You can blame H. G. Wells’ The Time Machine for my interest in the Earth’s far future. That swollen red Sun at the end of the novel created vivid ‘end of the world’ scenarios for me as a boy, and later I would learn that outer planets or moons around a G-class star might turn habitable once it became a red giant. But it would only be in the last few years that I learned how robust the investigations into white dwarf systems — the fate of a red giant — have become, and now we’re finding out not only that such stars can retain planets, but can conceivably create new ones through an emerging disk packed with the pulverized dust of remnant materials like asteroids.

Image: This artist’s concept shows a white dwarf debris disk. Credit: NASA/JPL-Caltech.

Jordan Steckloff (Planetary Science Institute, Tucson) has just published a short paper on the matter, looking at how white dwarf debris disks emerge. The disks seem to form only after ten to twenty million years following the end of the red giant phase. And a turbulent phase it is, with stars like the Sun losing a large proportion of their mass before they turn into a white dwarf. The dwarf itself is Earth-sized and only about half as massive as the star that gave birth to it.

The process of mass loss and collapse into a white dwarf exerts a destabilizing effect on those planets that have not already been swallowed up by the red giant (Mercury, Venus, and most likely Earth will be lost this way). Whether or not planets beyond a few AU of the star survive, their disrupted orbits can result in turmoil within the asteroid population of the system, with some of them falling toward the dwarf star, to be pulverized into dust by these gravitational interactions. Steckloff and team noticed the fact that a process of debris disk formation which ought to occur quickly takes shape only after the delay mentioned above. What is it that is holding back the formation of a debris disk for millions of years? The scientist explains:

“We found that this delay is a result of these young white dwarfs being extremely hot. So hot that any dust that forms from a tidally disrupted asteroid rapidly vaporizes and dissipates. We found that this dust only stops vaporizing after the white dwarf has had time to sufficiently cool down, to a surface temperature of approximately 27,000 degrees kelvin (48,000 degrees Fahrenheit). This temperature agrees with observations of these white dwarf systems; all dusty debris disks are found around white dwarfs cooler than this critical temperature.”

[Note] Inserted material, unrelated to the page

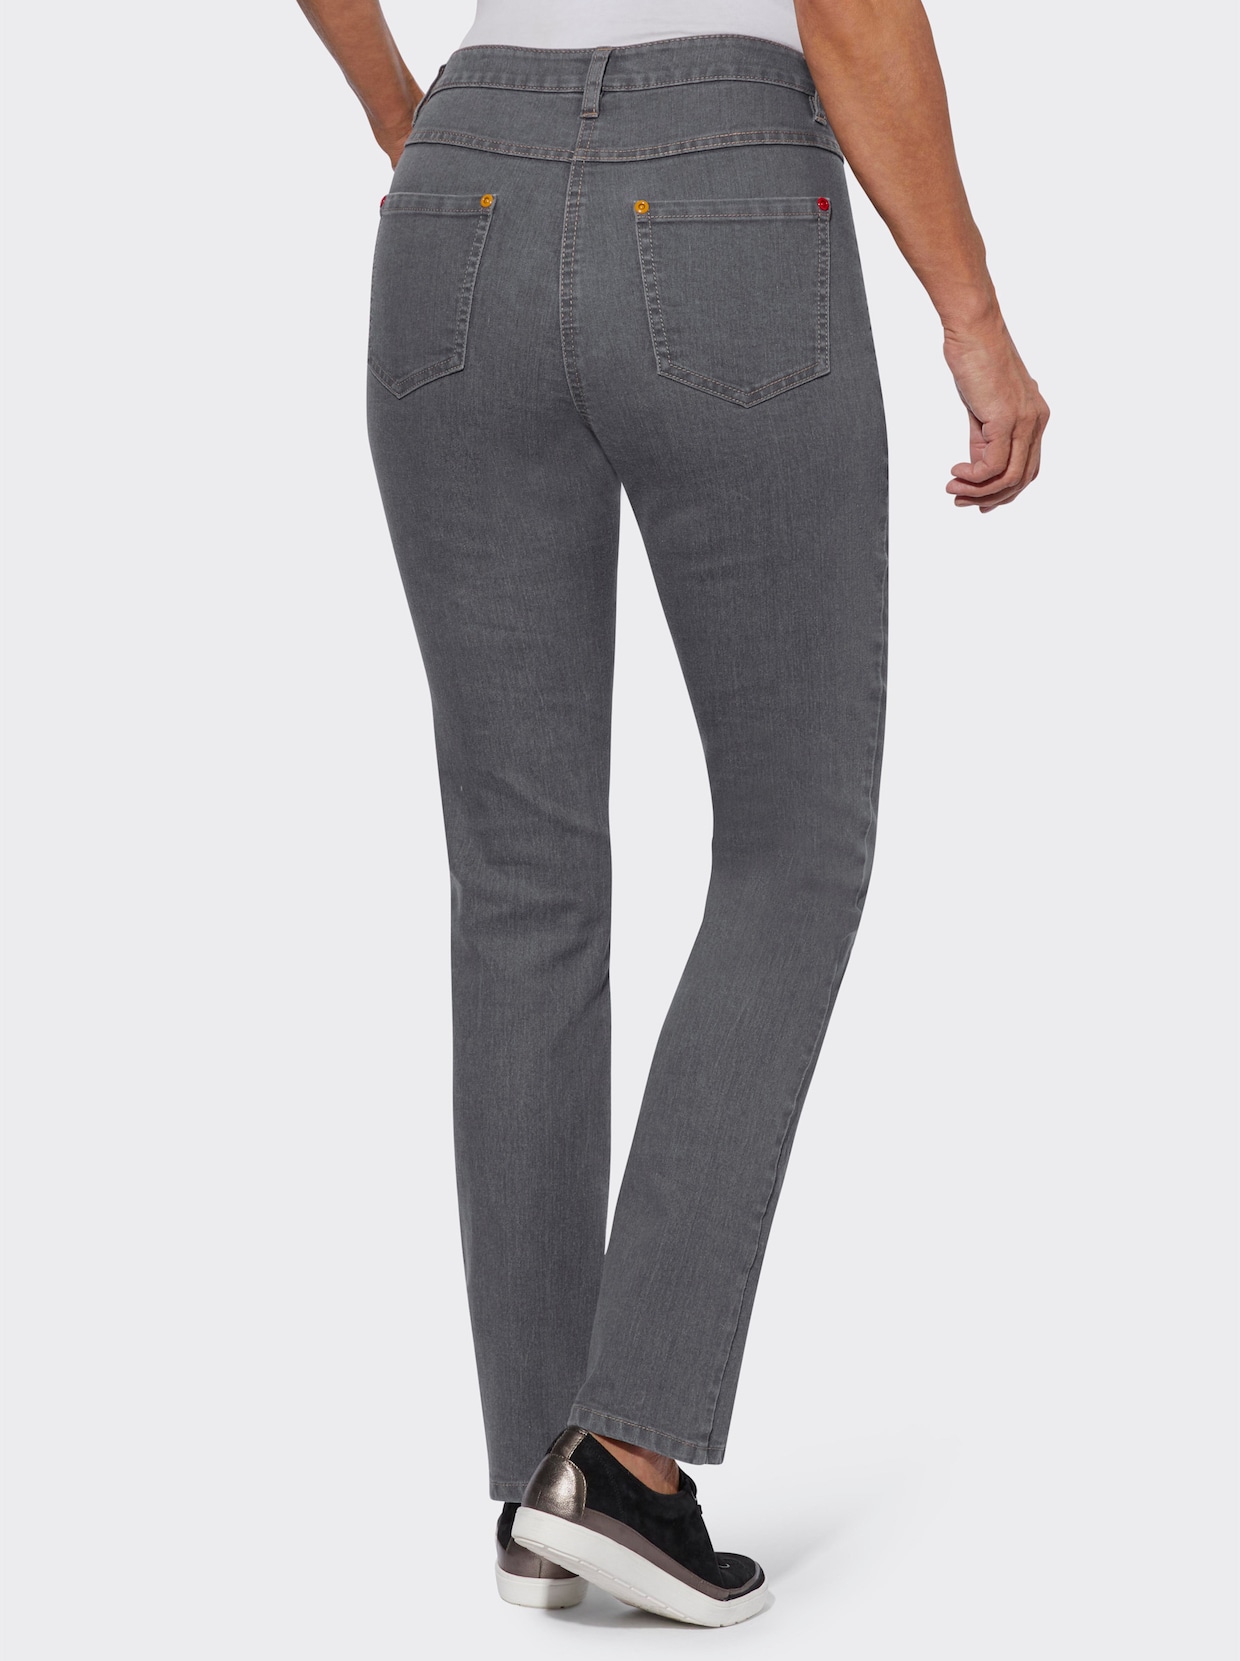 5-ficks jeans - grey denim

Image: This is Figure 2 from the paper. Credit: Steckloff et al.

Thus our own Solar System, several billion years down the road, should see the Sun enter its red giant phase and ultimately be trasformed into a white dwarf, with the result, according to Steckloff, that Jupiter will migrate outward, thoroughly disrupting the asteroid belt and sending enough of the asteroids close to the Sun to begin the formation of a dusty debris disk. While it is true that the formation process of a debris disk like this should favor hot young stars, whose planetary systems are more unstable, the dwarf star must cool first to the needed temperatures.

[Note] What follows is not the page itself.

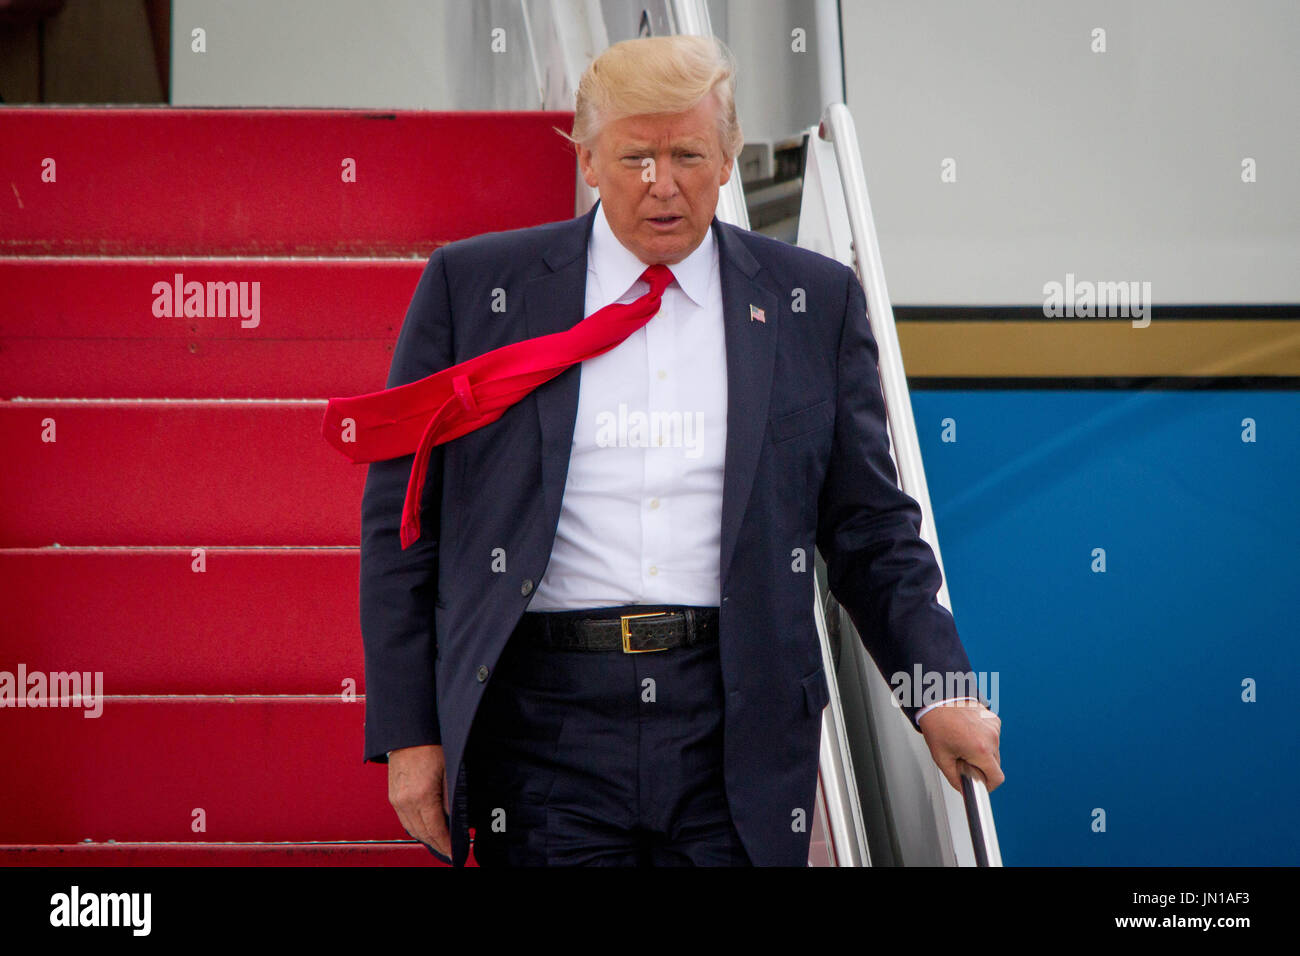 Ronkonkoma, NY, USA. 28. Juli 2017. Präsident Donald Trump landet Air Force One in Ronkonkoma, NY, Freitag, 28. Juli 2017. Bildnachweis: Michael Candelori/Alamy Live-Nachrichten Stockfoto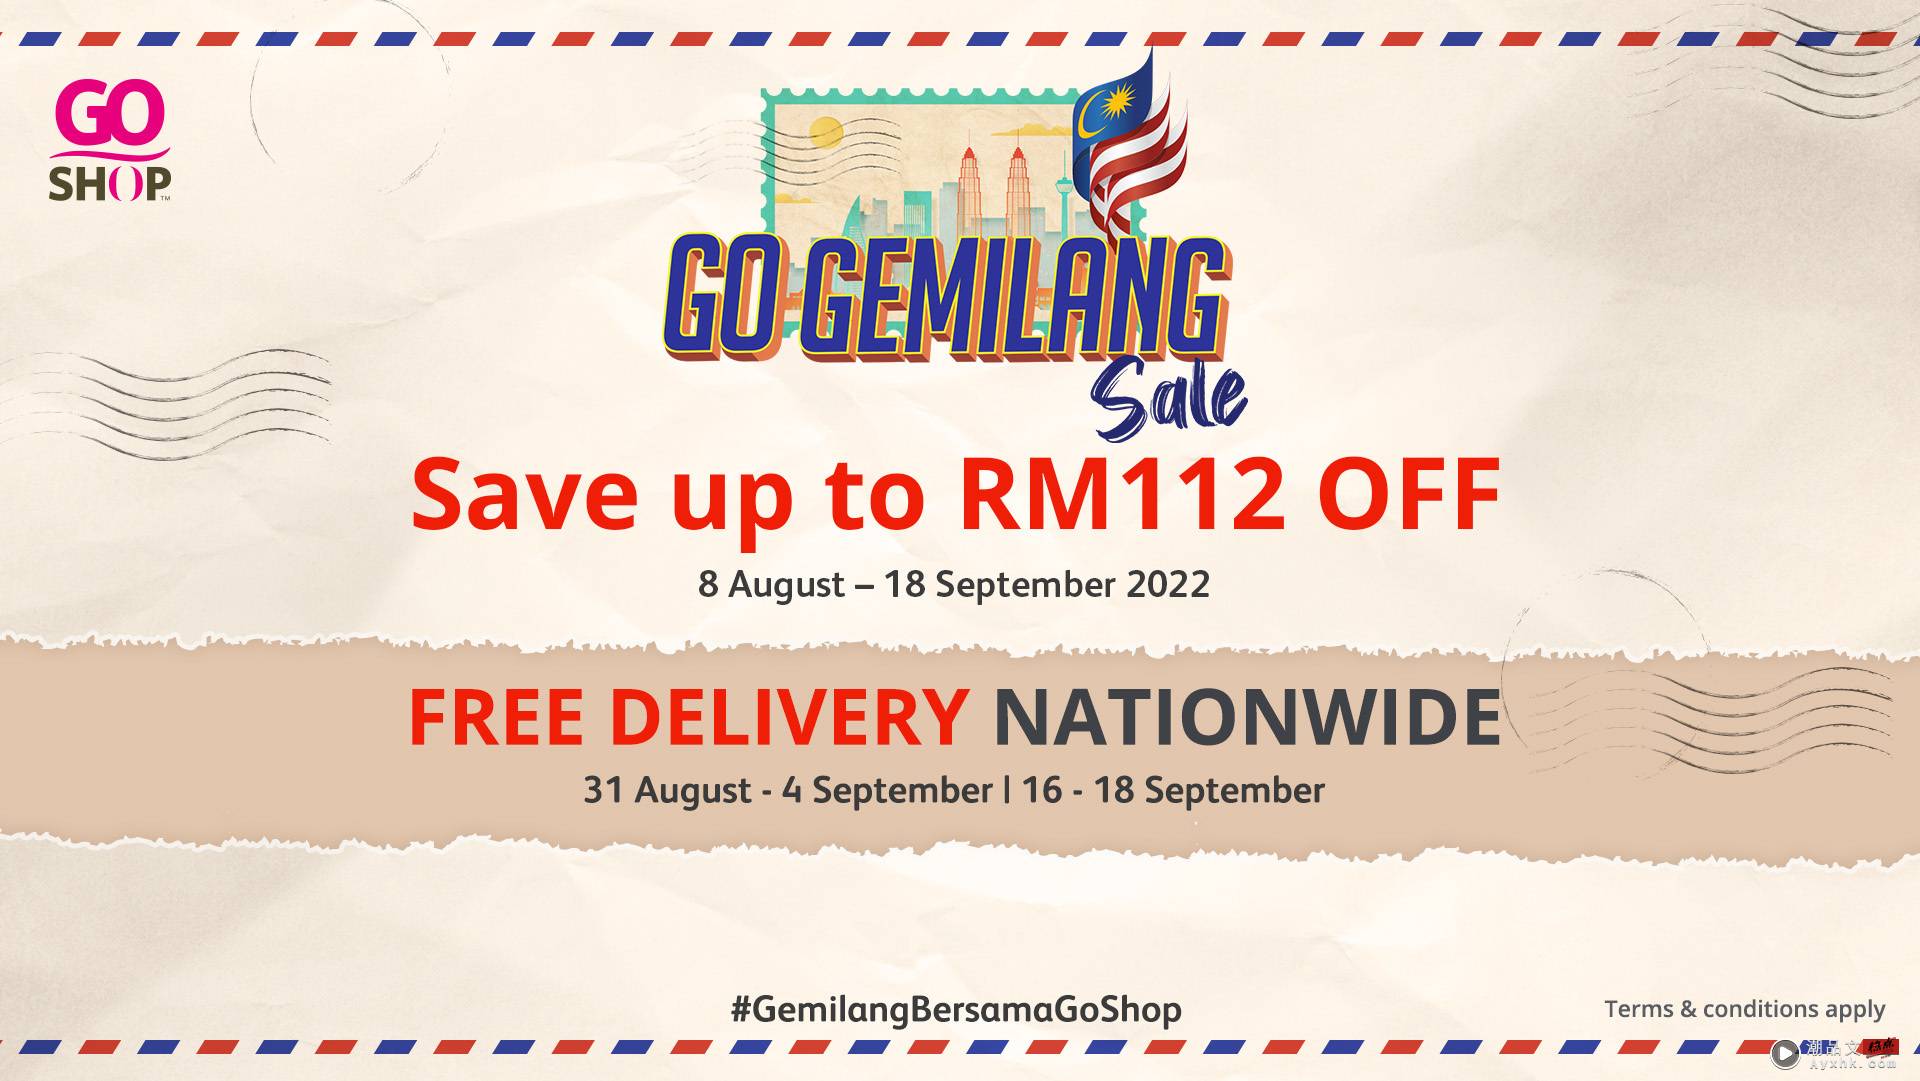 News I 全国免运费！A站 Go Shop推出国庆促销活动“Go Gemilang Sale” 更多热点 图2张

Steckloff’s material sublimation model shows the interplay of thermal and tidal forces within the regions around a white dwarf where dusty debris disks can form. The temperatures involved vary somewhat depending on the size of the white dwarf, with more massive stars forming disks at somewhat warmer temperatures. There is also the interesting twist that extremely cool white dwarfs may have more than one debris disk. We see this is a system tagged LSPM J0207+3331, which may be hosting disks formed from the disruption of two planetesimals.

This is the coldest, oldest white dwarf known with a dusty debris disk, according to the paper, and there appears to be a gap within the disk which can also be explained another way:

The apparent gap in this disk is curious and unexpected, and, analogous to protoplanetary disks, may point to the presence of a dense planet clearing a gap along its orbit from within the disk (as proposed for the SDSS J122859.93+104032.9 system; Manser et al. 2019) or a planet sitting outside the Roche limit opening a gap via resonant dynamics. Similar dynamical processes may be at work in dusty debris disks around white dwarfs and the ~3 Gyr cooling age of this white dwarf provides ample time for such dynamical processes to occur.

Whichever possibility is true, this system demonstrates that the environment around white dwarf stars appears to be a lively one. The paper gives us insight into how the physical processes at work restrict the formation of dusty debris disks to white dwarfs that have sufficiently cooled.

The paper is Steckloff et al., “How Sublimation Delays the Onset of Dusty Debris Disk Formation around White Dwarf Stars,” Astrophysical Journal Letters Vol. 913, No. 2 (2021), L31. Abstract / Preprint.